» Collected material:
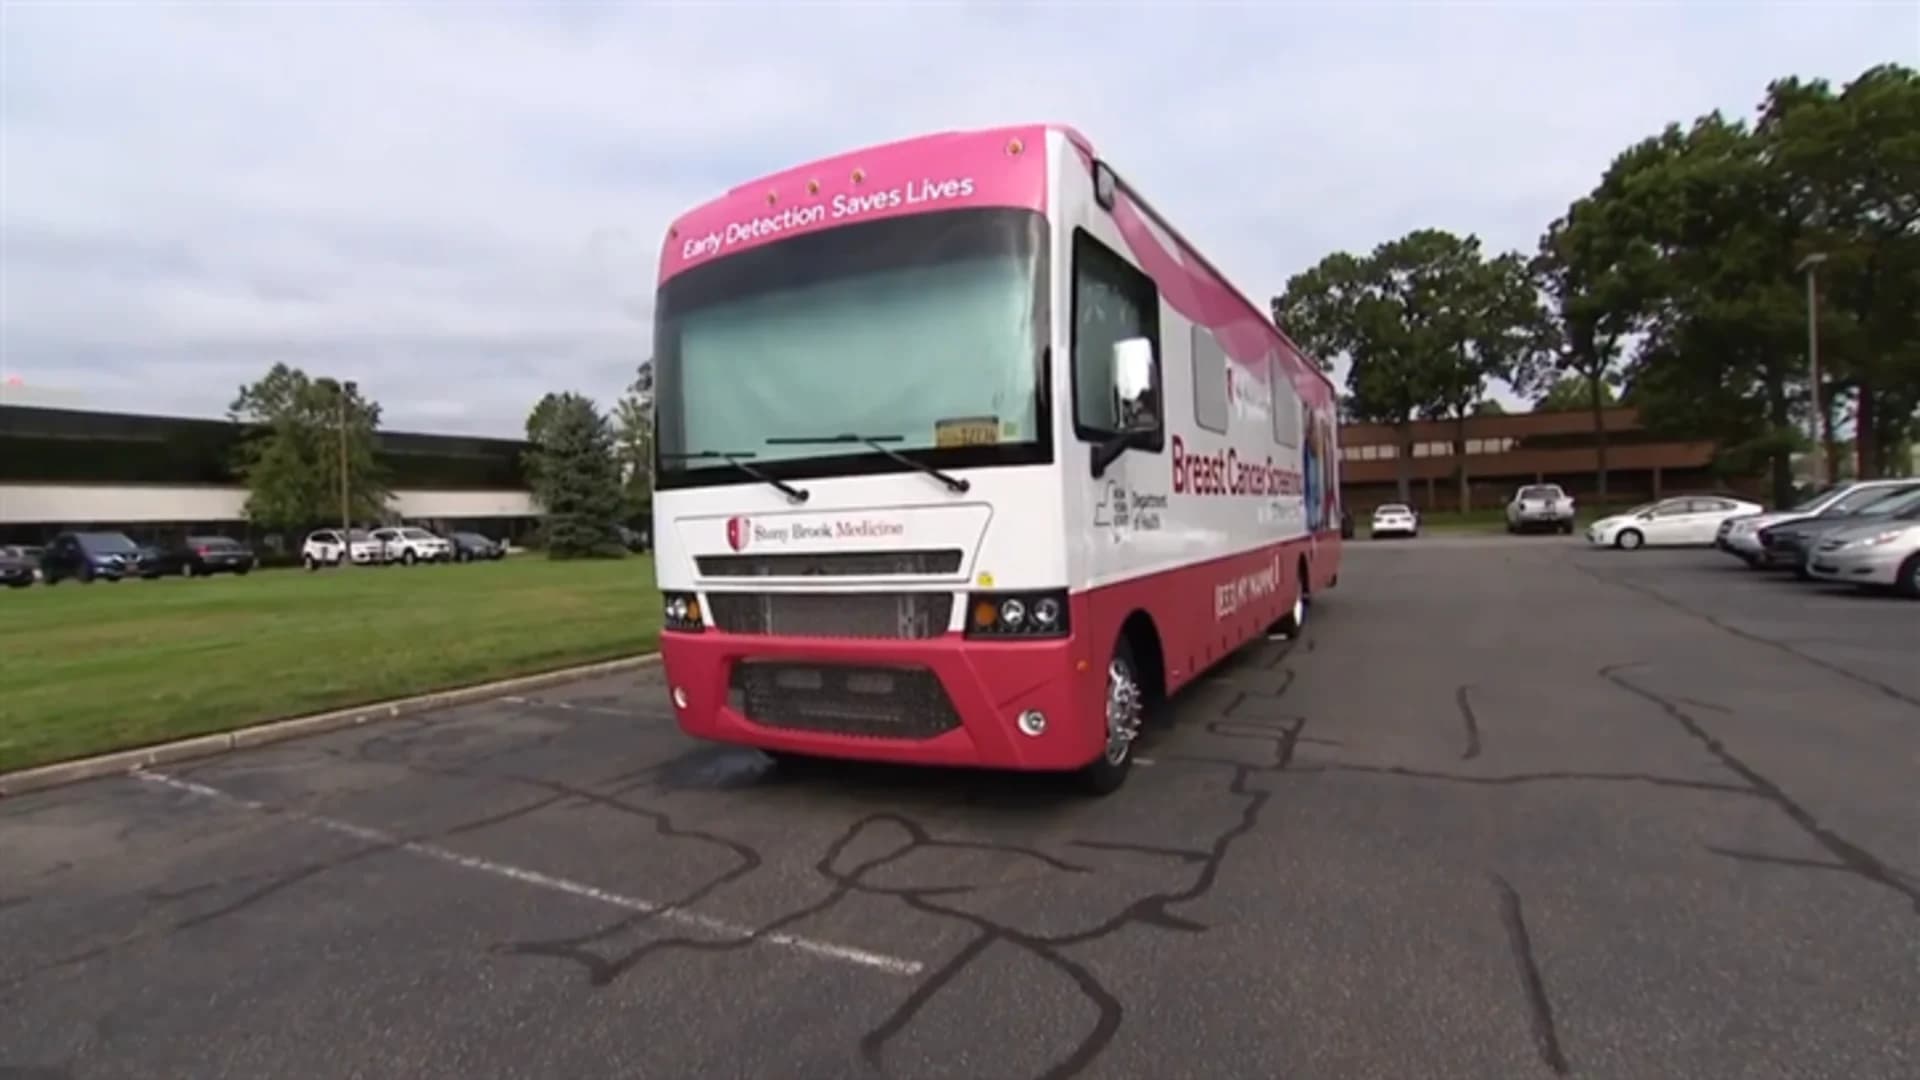 Mobile Mammography Van provides easy access to mammograms across LI
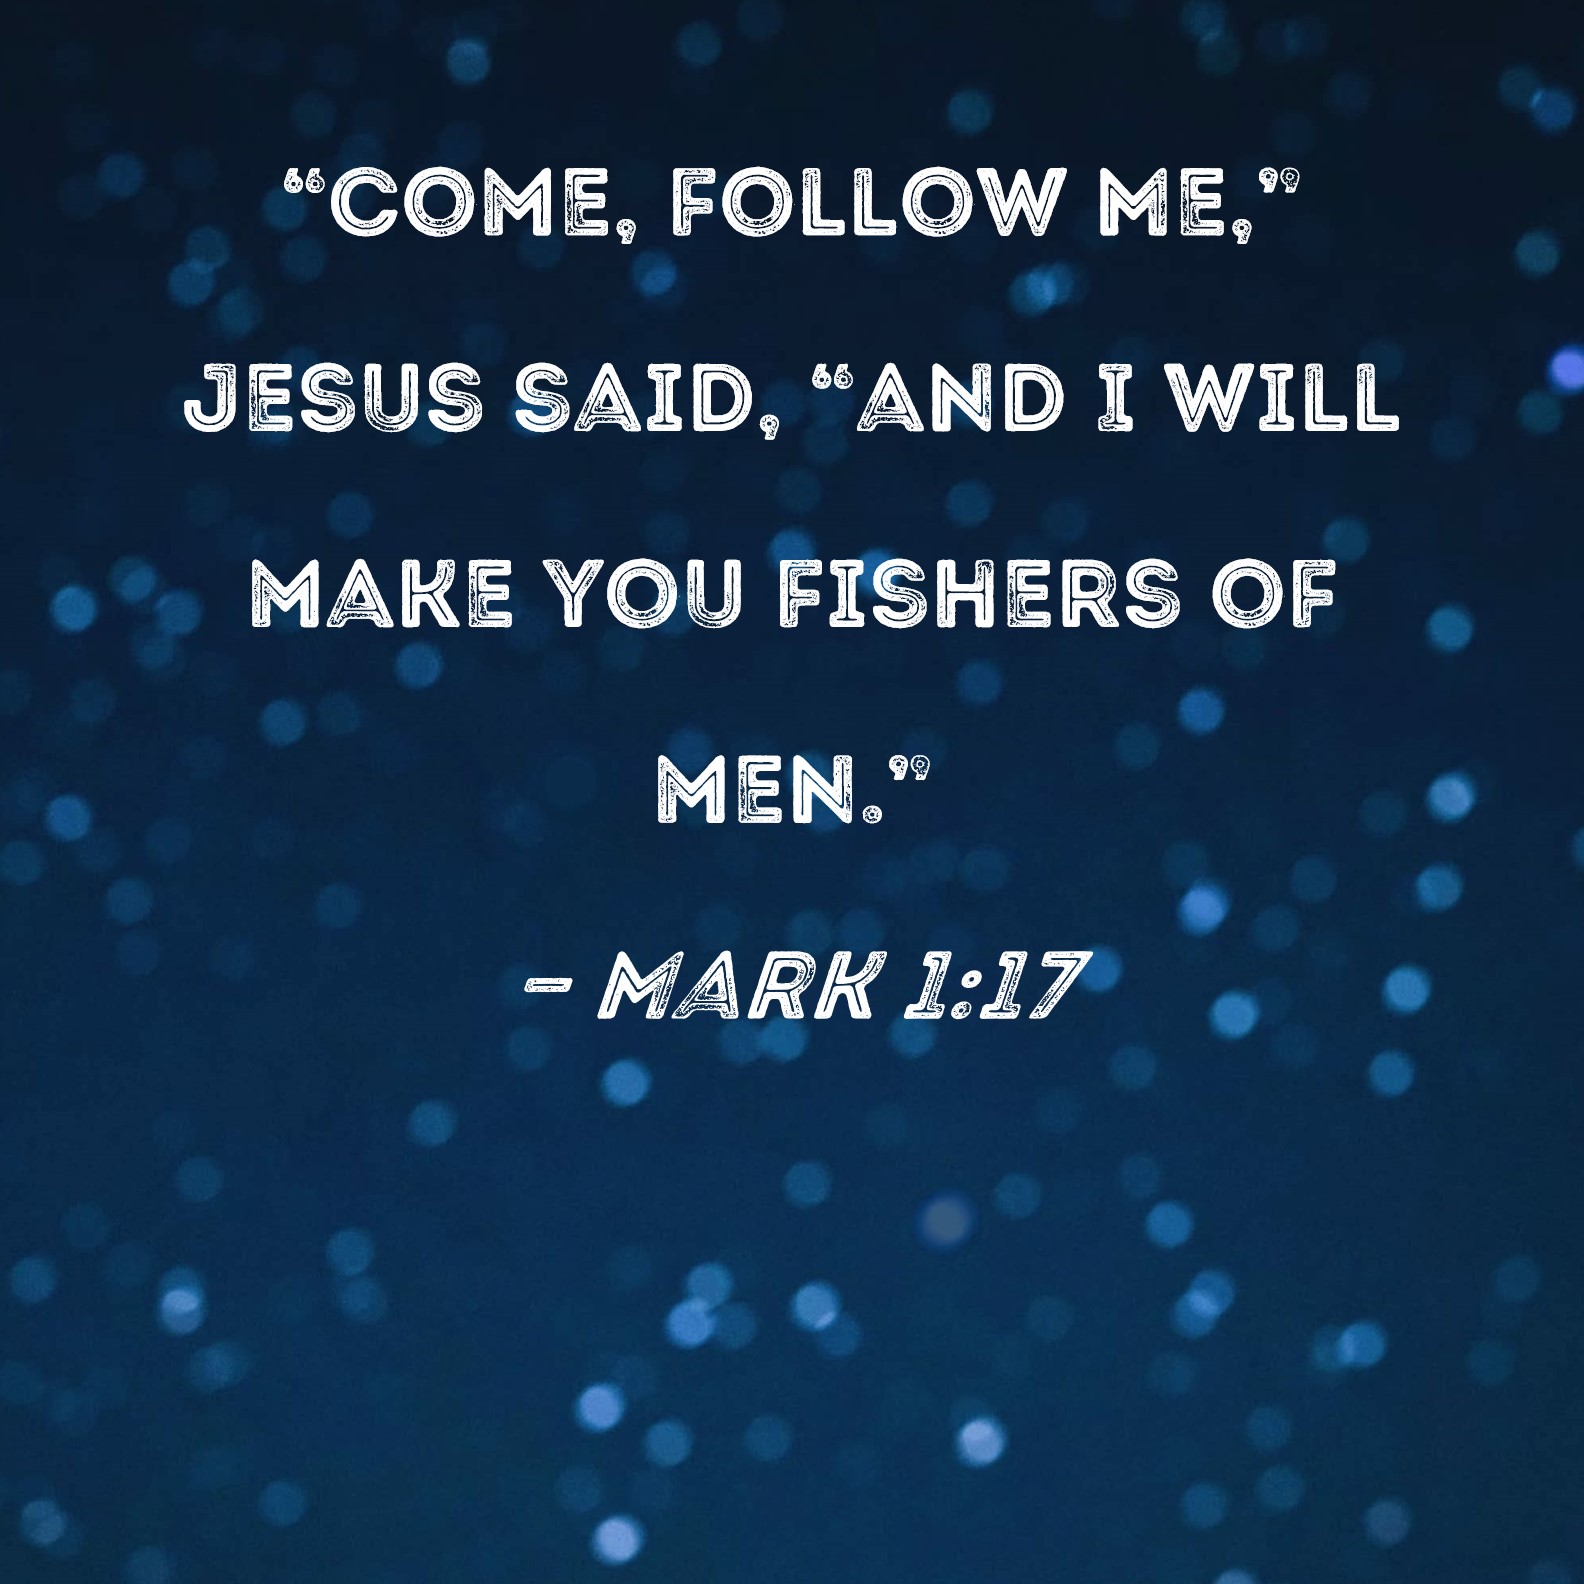 Mark 117 follow Me," Jesus said, "and I will make you fishers
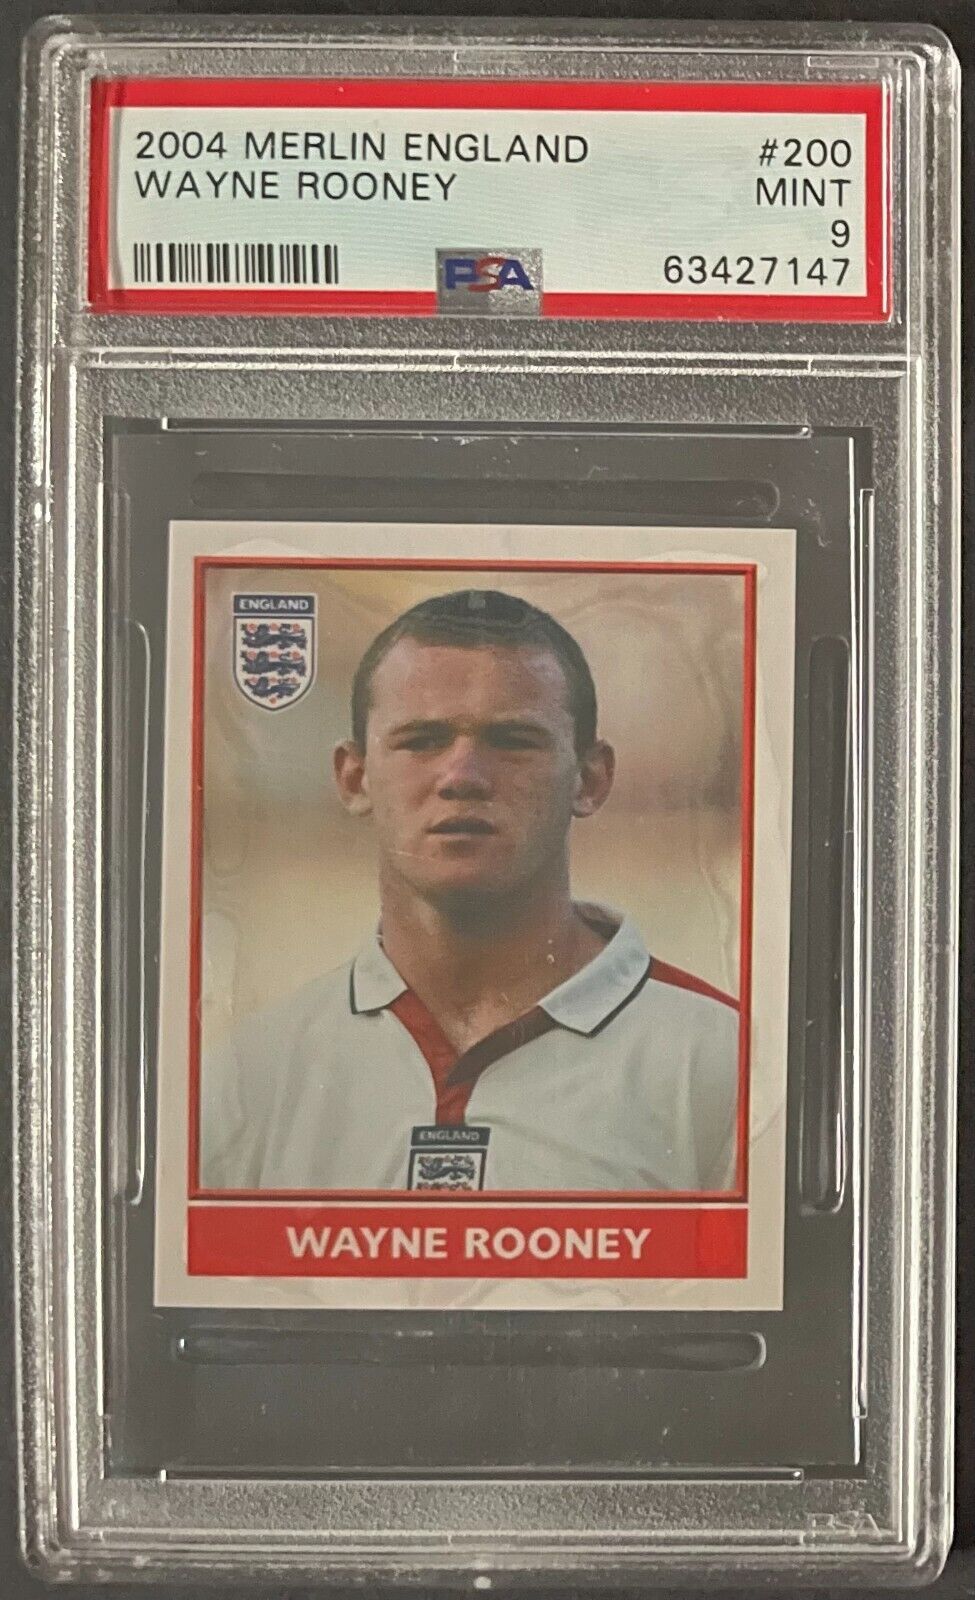 2004 Merlin England #200 Wayne Rooney PSA MINT 9 Soccer Football Sticker Card

» Task goal:
Please repeat the data above exactly as it appears, pictures excluded.

» Task answer:
 Mobile Mammography Van provides easy access to mammograms across LI
 Mark 117 follow Me," Jesus said, "and I will make you fishers
 2004 Merlin England #200 Wayne Rooney PSA MINT 9 Soccer Football Sticker Card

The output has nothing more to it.